• [What you need to do]:
Give the lines below again, exactly as they stand, and leave out the images.

• [Data segment]:

===

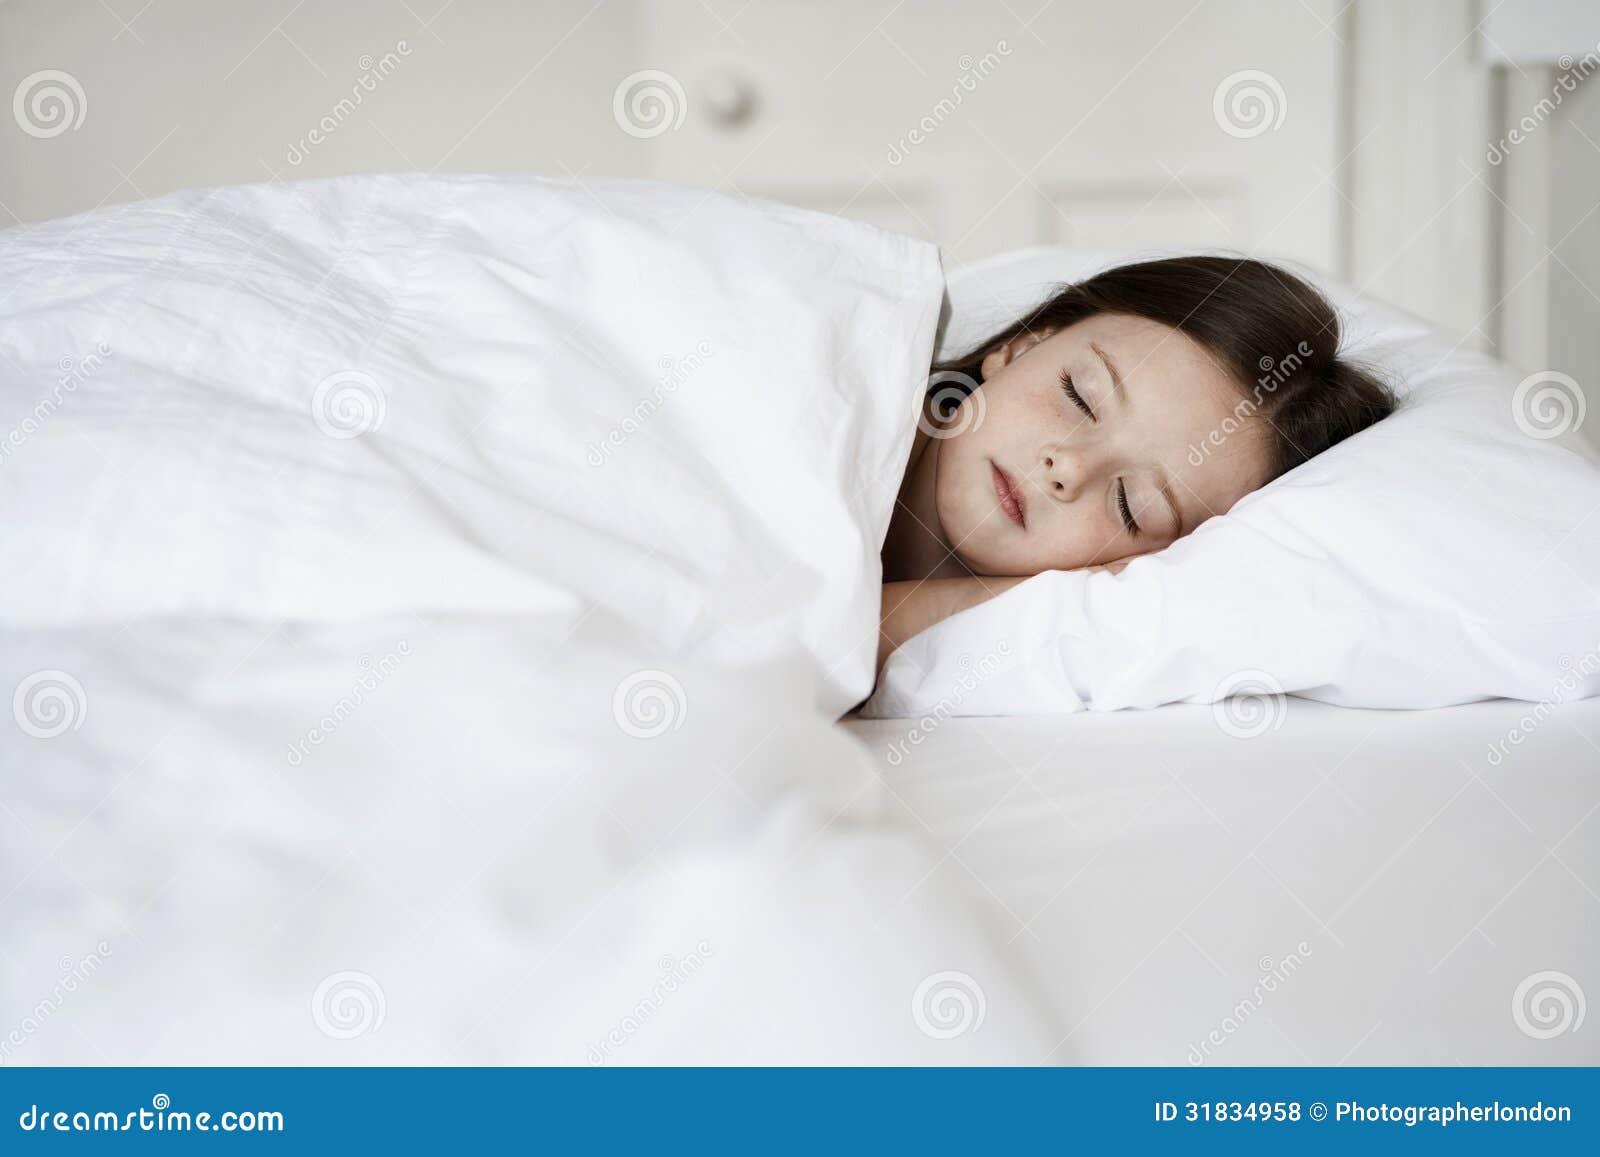 Стянул одеяло с сестры, Сводный брат забрался в постель к спящей сестре 26 фотография
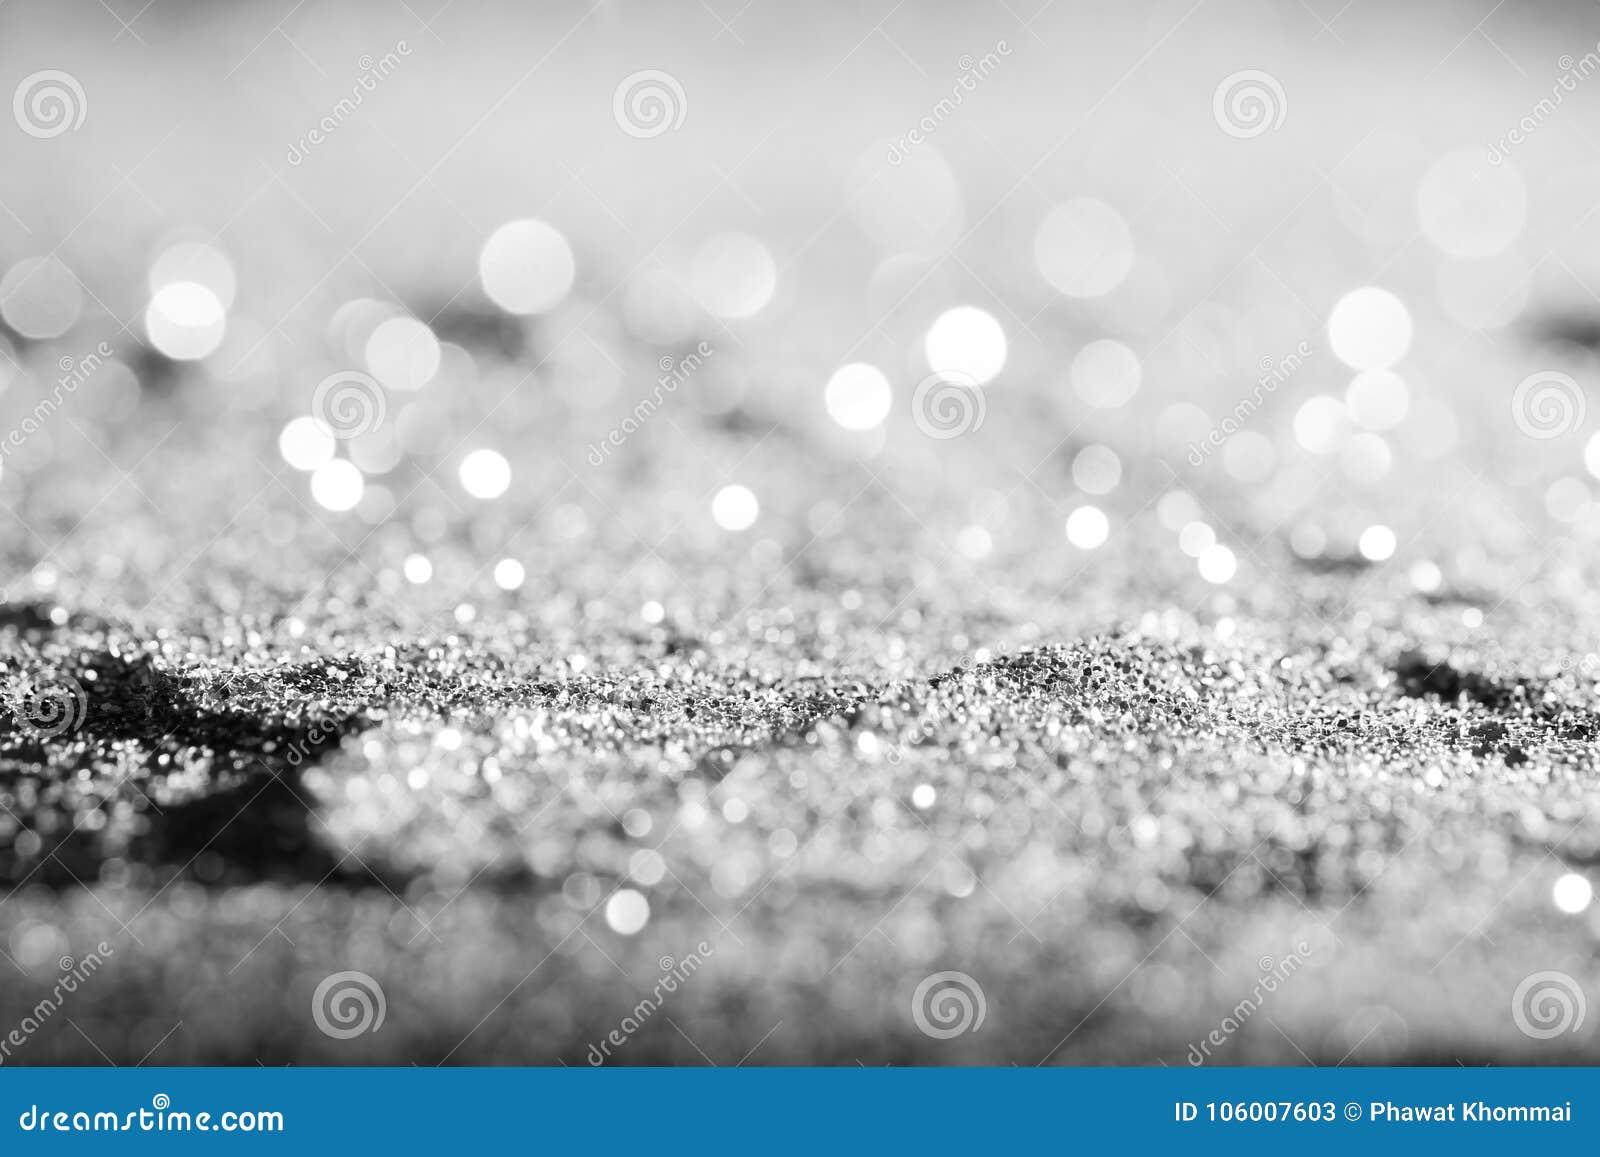 Abstraktes Hintergrund Funkelnsilber oder Weißgold oder Platin
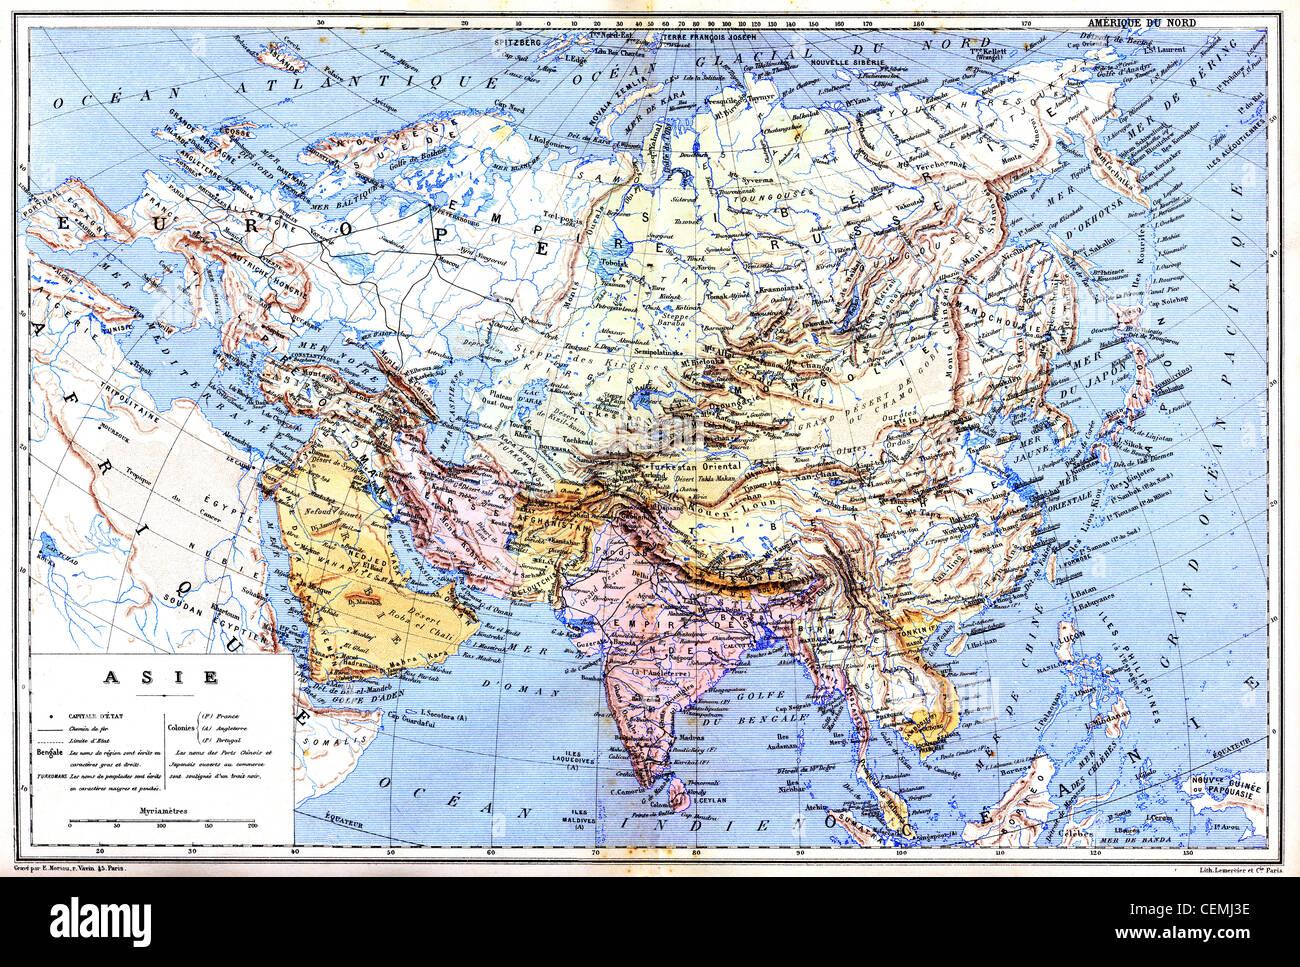 Asien Länder Karte.Karte Von Asien Mit Den Namen Der Städte Und Länder Auf Der Karte

===

• [Expected answer]:
 Стянул одеяло с сестры, Сводный брат забрался в постель к спящей сестре 26 фотография
 Abstraktes Hintergrund Funkelnsilber oder Weißgold oder Platin
 Asien Länder Karte.Karte Von Asien Mit Den Namen Der Städte Und Länder Auf Der Karte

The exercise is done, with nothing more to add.